Goal of the exercise | Every line of the listing below should come back exactly as written, with no images.

Input data |

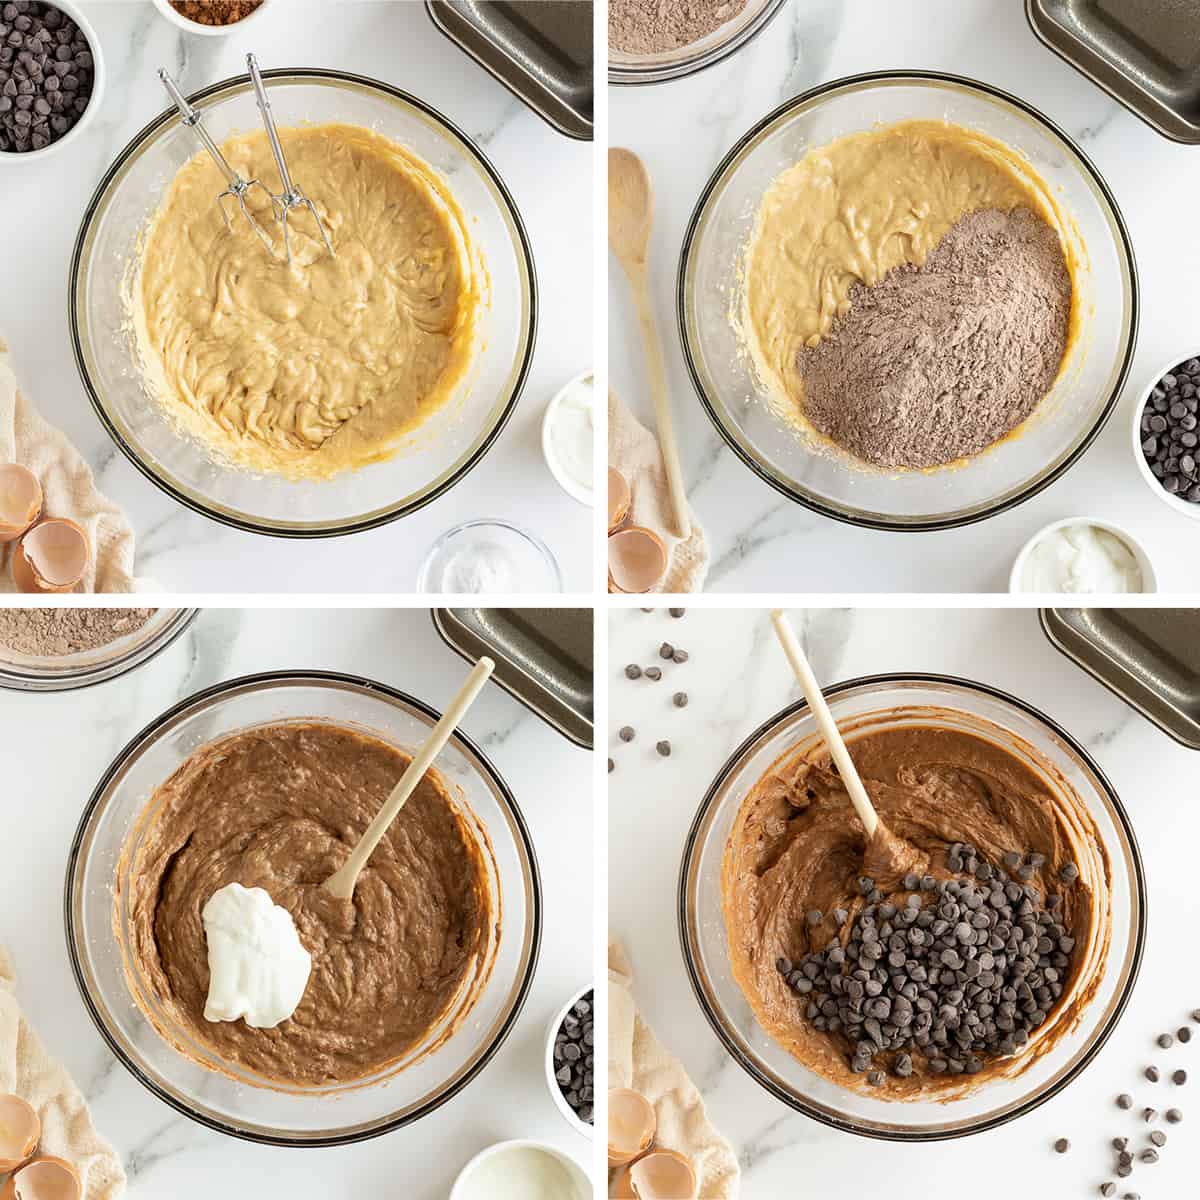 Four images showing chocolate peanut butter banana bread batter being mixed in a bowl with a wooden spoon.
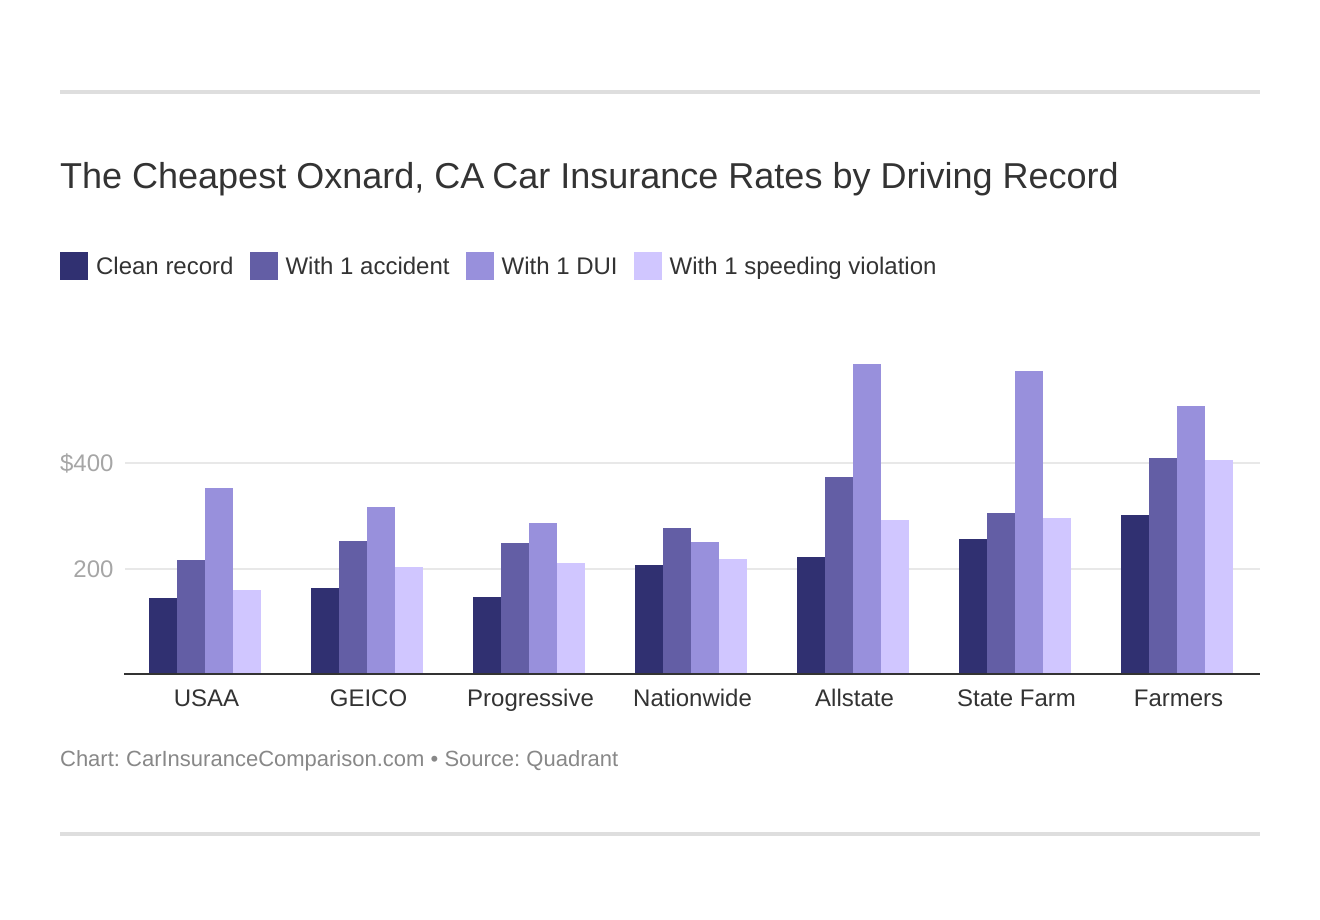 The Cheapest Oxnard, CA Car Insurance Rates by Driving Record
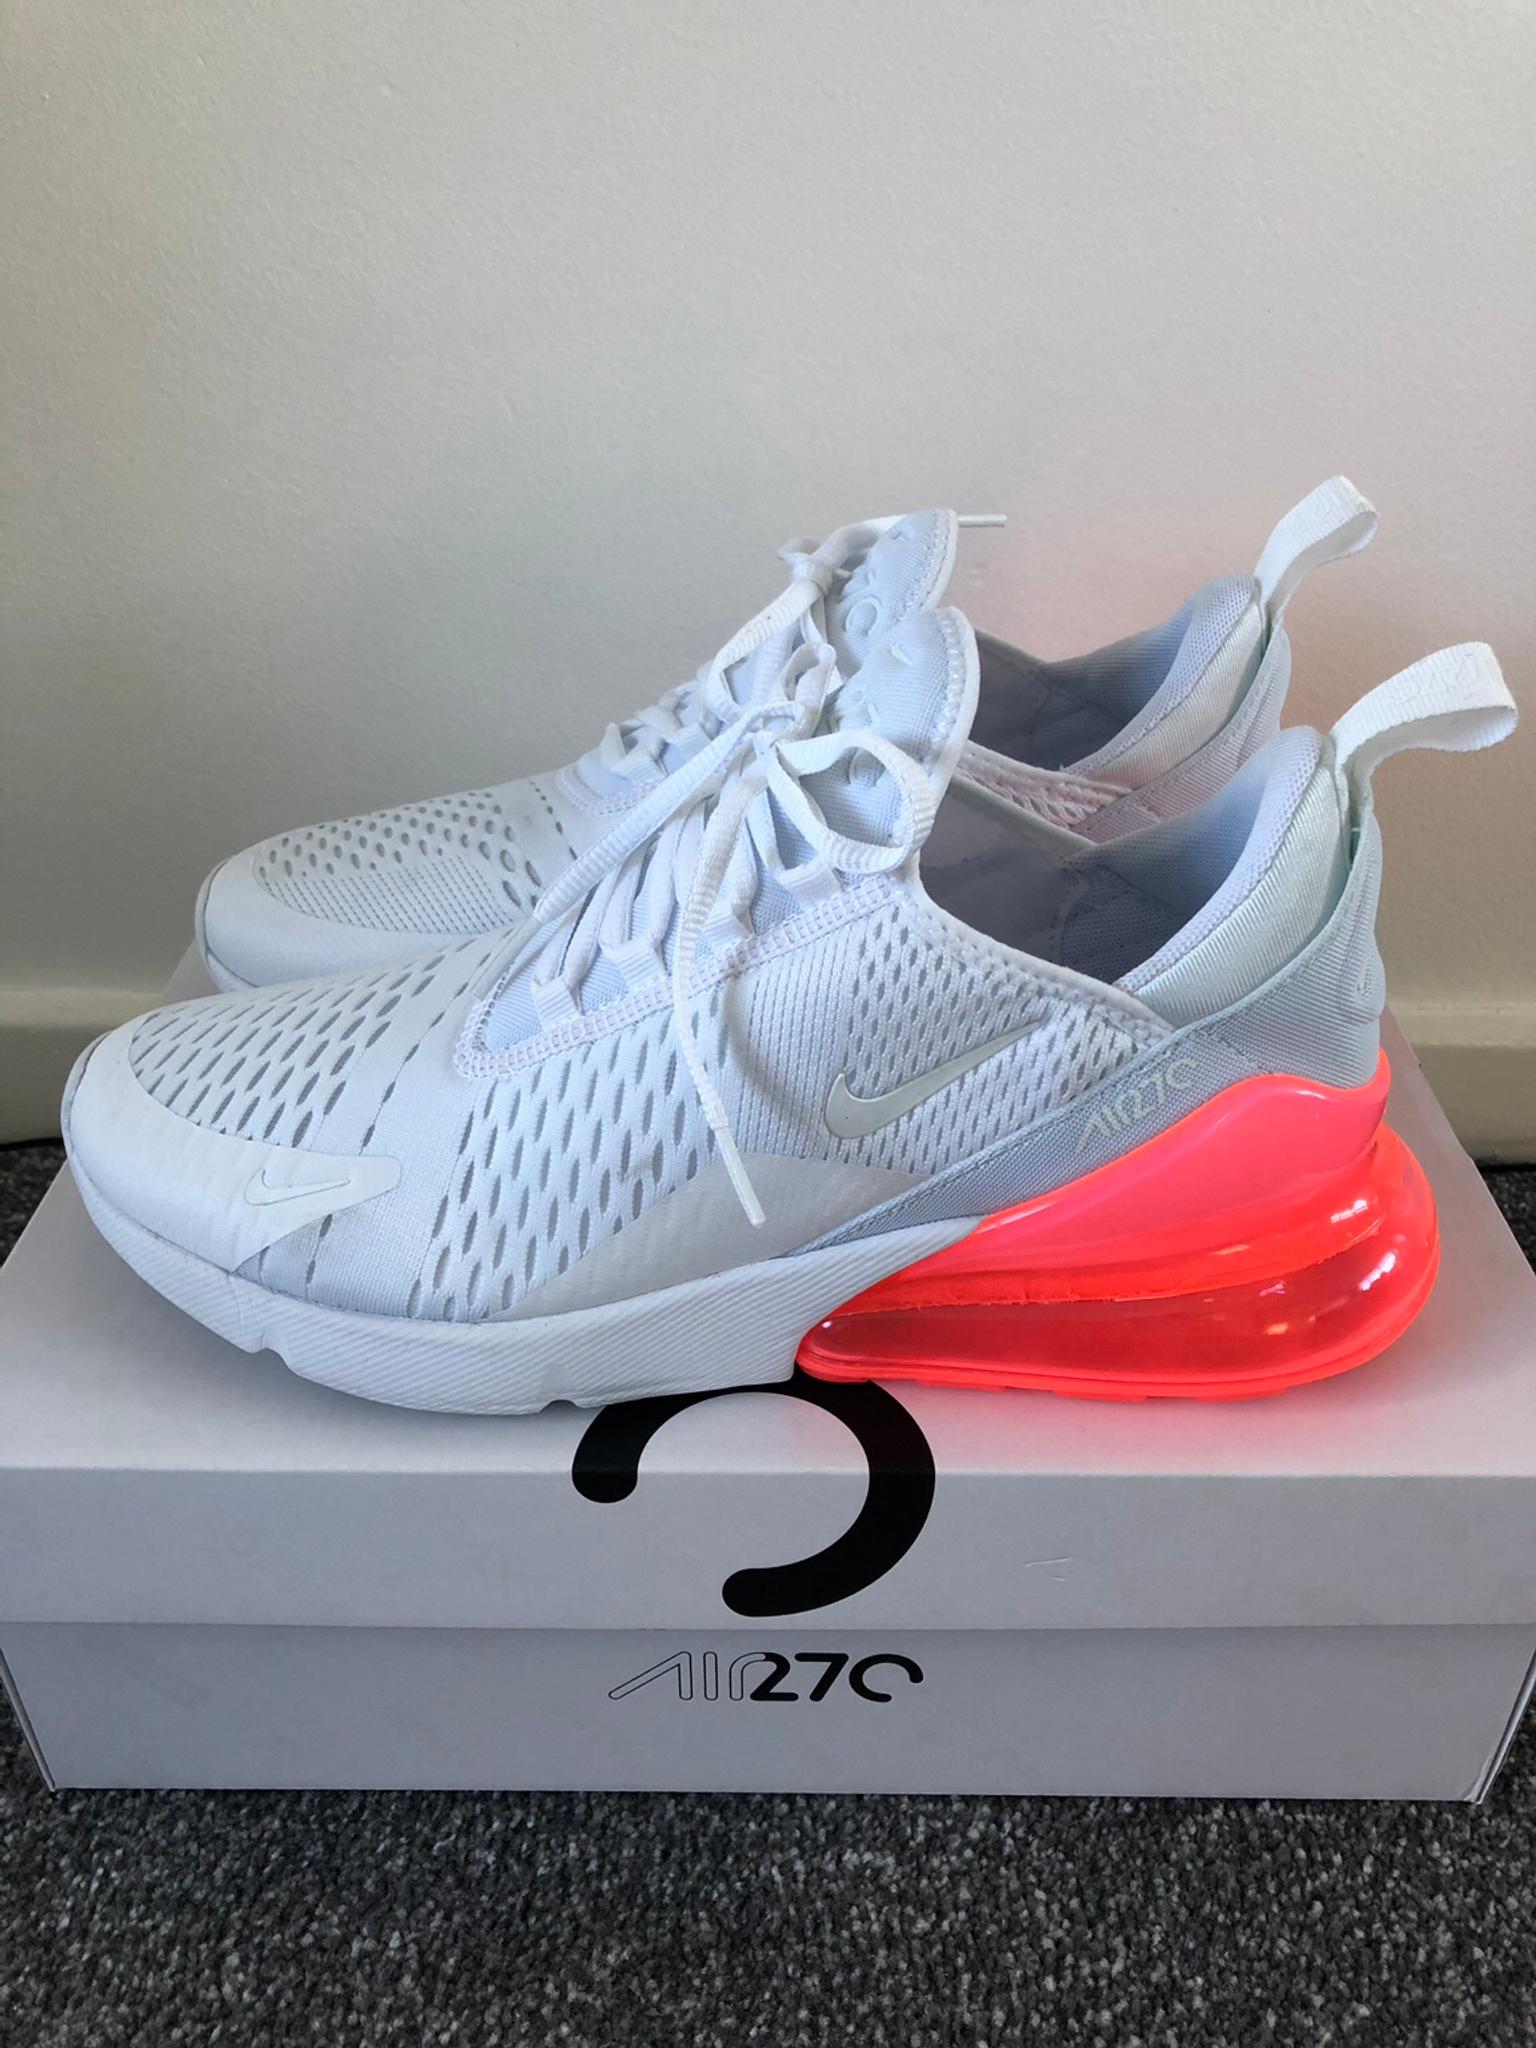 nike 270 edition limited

Output for this task |
 Four images showing chocolate peanut butter banana bread batter being mixed in a bowl with a wooden spoon.
 The Cheapest Oxnard, CA Car Insurance Rates by Driving Record
 nike 270 edition limited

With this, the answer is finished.